So Scared
by JazzyLady88
Summary: Alternate ending to "42" (Season 3); a sweet interaction between Martha and Ten.


Alternate ending to "42"

Friendship/ light romance

The scruffy-faced young man gazed into my eyes, "Will I ever see you again?"

I had to be honest, "Well, no, unfortunately." I shifted uncomfortably, knowing that he felt a strong attraction to me after our moments in the escape pod. Of course I found him attractive, and I felt a friendly, we-survived-death connection to him, but I could feel the doctors eyes staring into the back of my skull as I said goodbye to the crewmember. The man leaned in for a hug, which I responded to tensely. We both said "goodbye," at the same moment, and that was that. I let go of him and quickly turned on my heels to face the TARDIS, and The Doctor holding the door open for me, grinning.

"Come on, then," he said quickly, and motioned with a flick of his head for me to enter. I couldn't help but smile back, and reached up to him. He grabbed my hand and led me in, and it was the best thing I had felt all day.

I watched as he closed the doors, and I heard the crew members leave to begin repairs.

"Well," The Doctor started, leaning against the doors of the TARDIS, hands in his pockets, "That was fun!"

I leaned on the railing, about three feet away from and facing him, my arms crossed yet relaxed.

I responded with a smirk and stared at him, what a funny man, "If by fun, you mean being possessed and almost eaten by a gigantic ball of angry molten gas, then yes, that was fun." I heard him let out a single chuckle.
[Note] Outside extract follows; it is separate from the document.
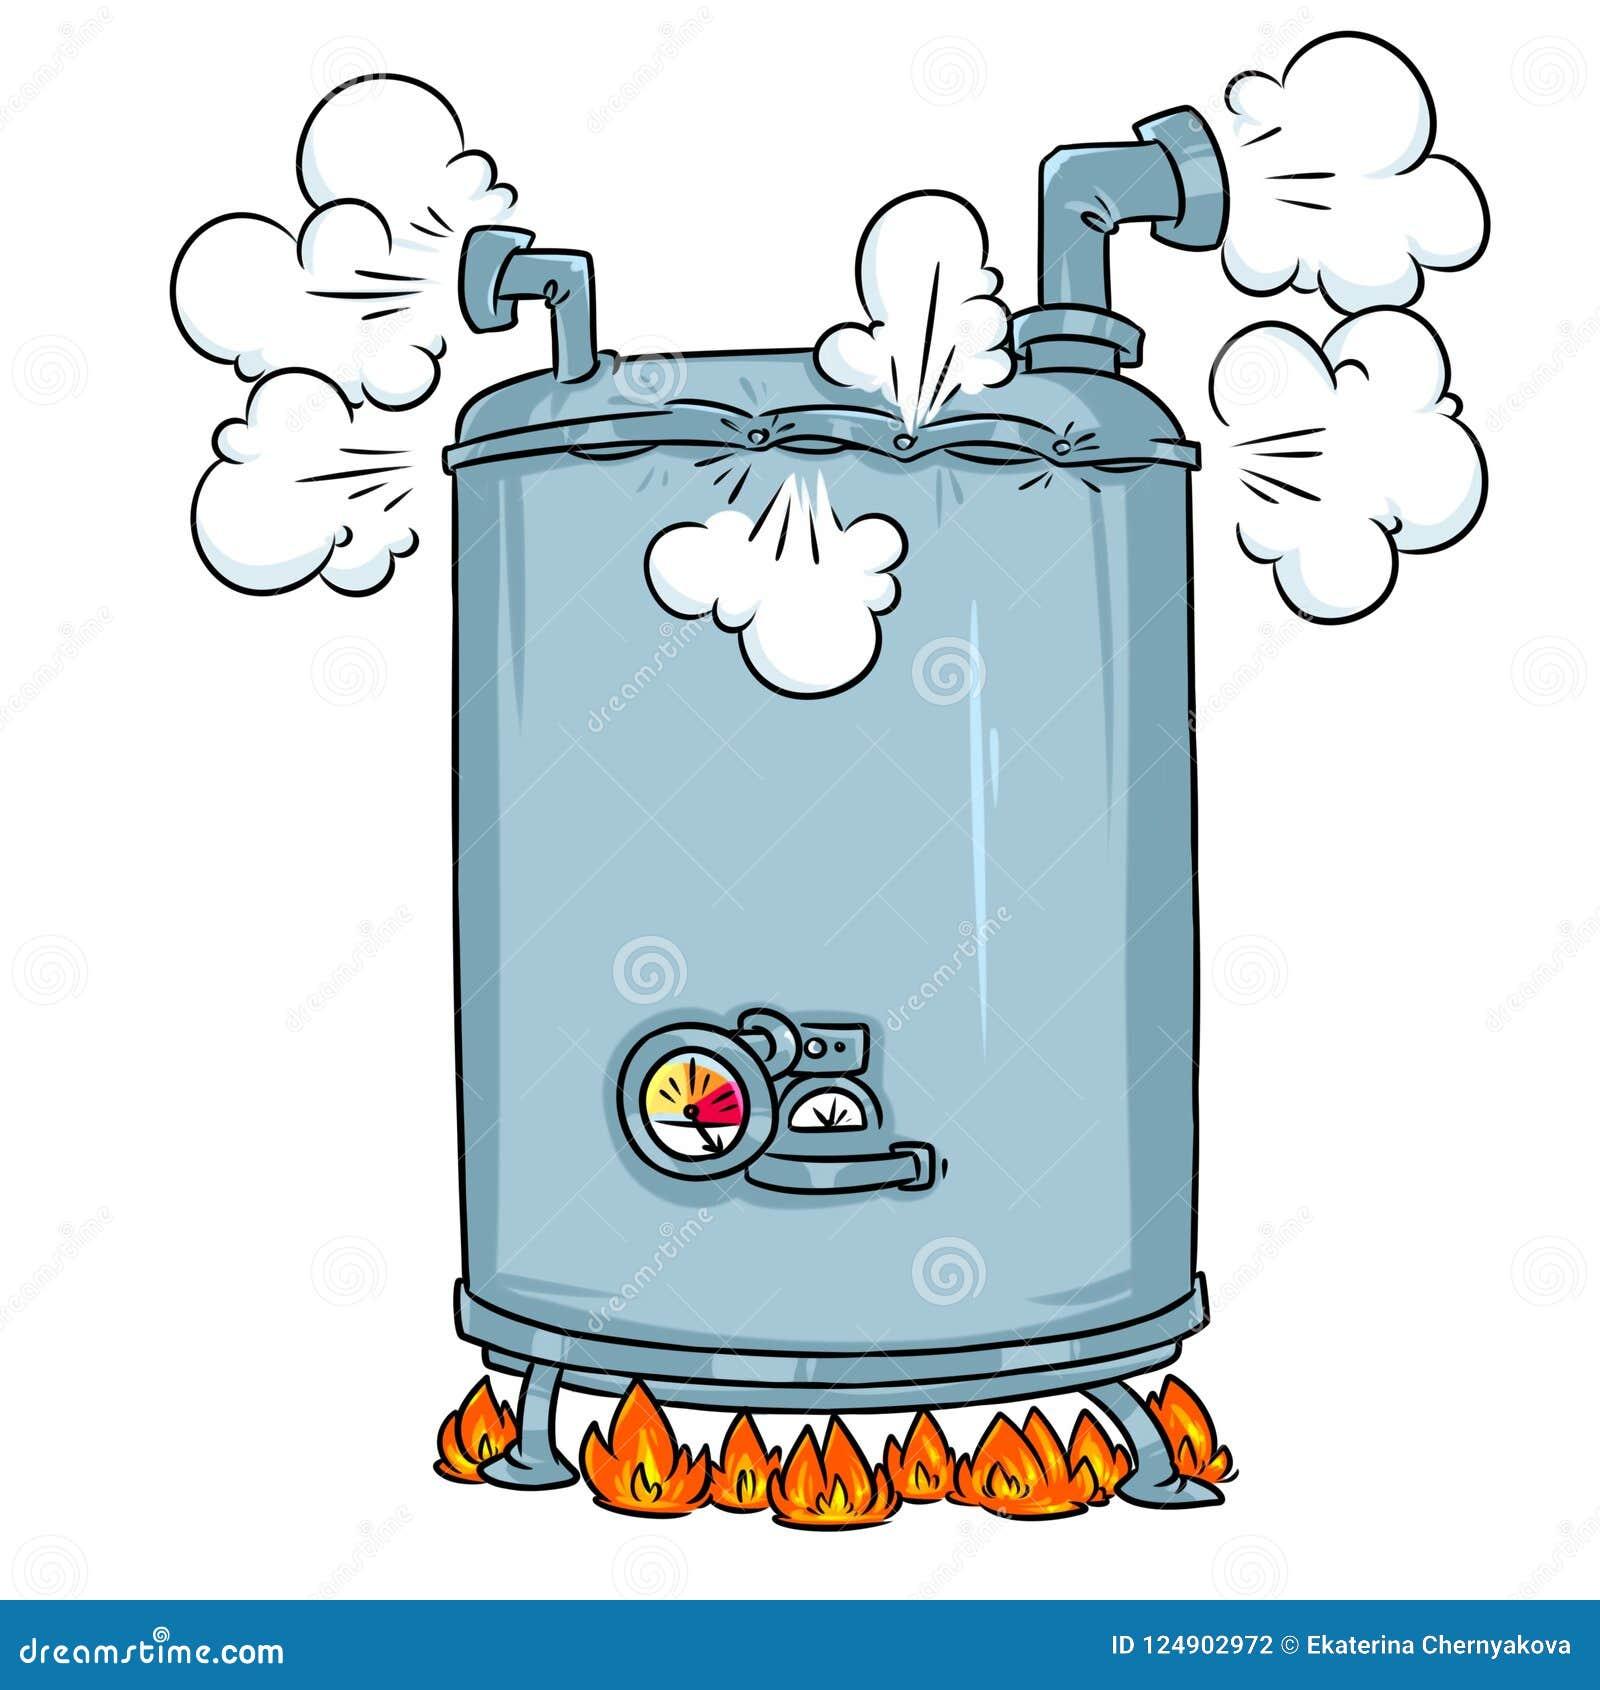 Boiling Steam Boiler Cartoon Illustration Stock Illustration ...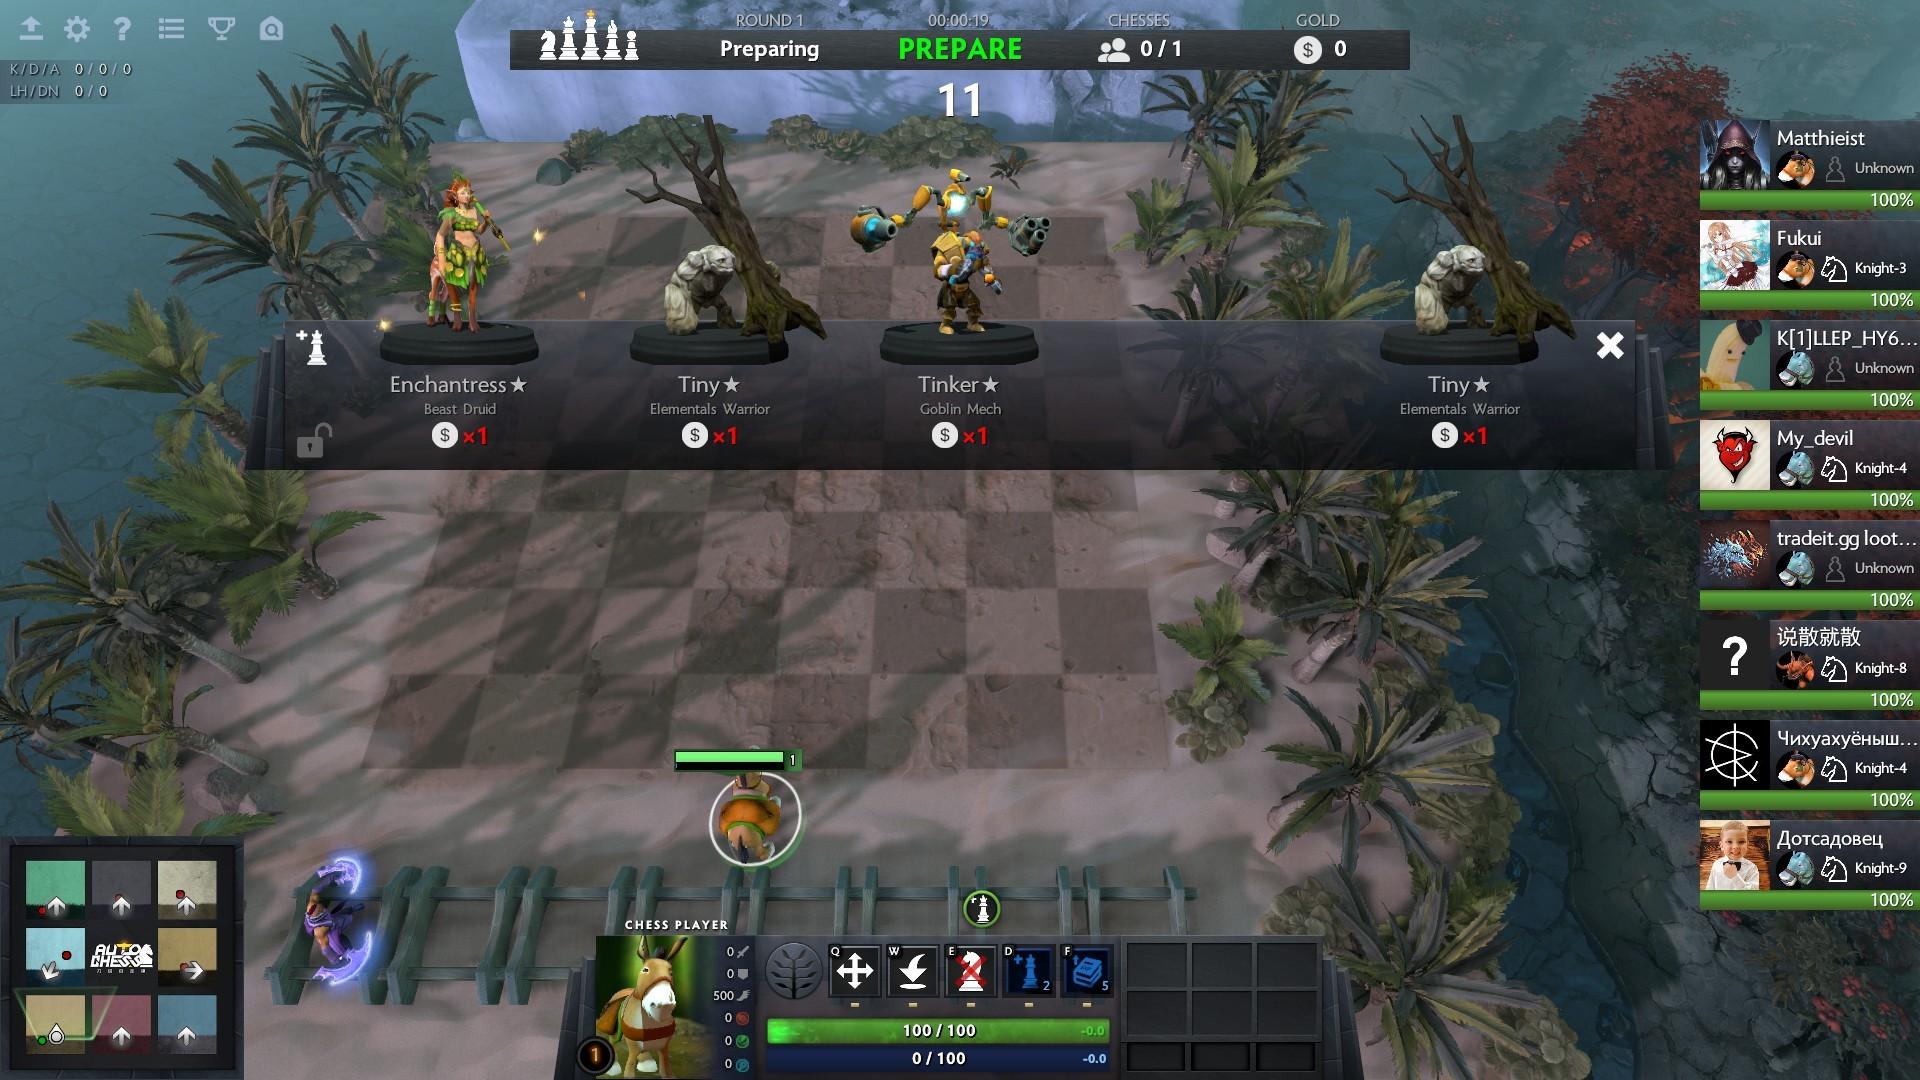 Dota 2: Knights, bishops and    demons? - Exploring Dota Auto Chess

The man's mind had just been overcome by a powerful, murderous entity, and he was now grinning and calling it fun. Complex is the least adequate word to describe this Time Lord. My gaze drifted to his left shoulder as my mind recounted the day's events. It landed on the moment the escape pod detached. I could feel my face become gloomy as I remembered how helpless I felt in the pod, drifting toward death, yet in the back of my mind I felt safe, as I saw The Doctor scream "I'll save you!" And he did, as he always does. I let out a sigh of relief as I looked up, and realized The Doctor had been watching me. His face was strange, solemn, and he was reserved yet at the same time seemed ready to burst with emotions (which ones, I could not tell). He seemed to be staring right into my mind and know what I was thinking. I noticed his eyes became subtly reddened and glistening as he stared at me. Then he pulled his hands out of his pockets and moved toward me, bending down and wrapping his arms around me tightly. I welcomed the feeling as he rested his chin on my shoulder and pressed his cheek into mine, folding my arms over his strong shoulders and neck.

"Martha," he whispered, a faint trembling in his voice, "I can't lose you."

Not quite sure what to make of his sudden change in character, I comforted him by saying, "It's okay, it all worked out, you saved the day as usual," and he responded to my words by pulling me closer and tighter, pressing his cheek harder into mine. I was a bit concerned, because he had never held me this tight for this long, but I decided to let it play out. I felt his body faintly shudder, and realized he was slowly weeping, his hot tears falling into my hair and down my back. I squeezed him tighter. The Doctor, usually so restrained, so bold, so courageous, so care-free, was here in my arms, suddenly weeping like a child. I felt so useless, not understanding the gravity of what he was feeling. I turned my head and kissed a spot on his sticky cheek, and he continued to weep, slowly quieting down, collecting himself, until he stopped, sniffled, and squeezed me again.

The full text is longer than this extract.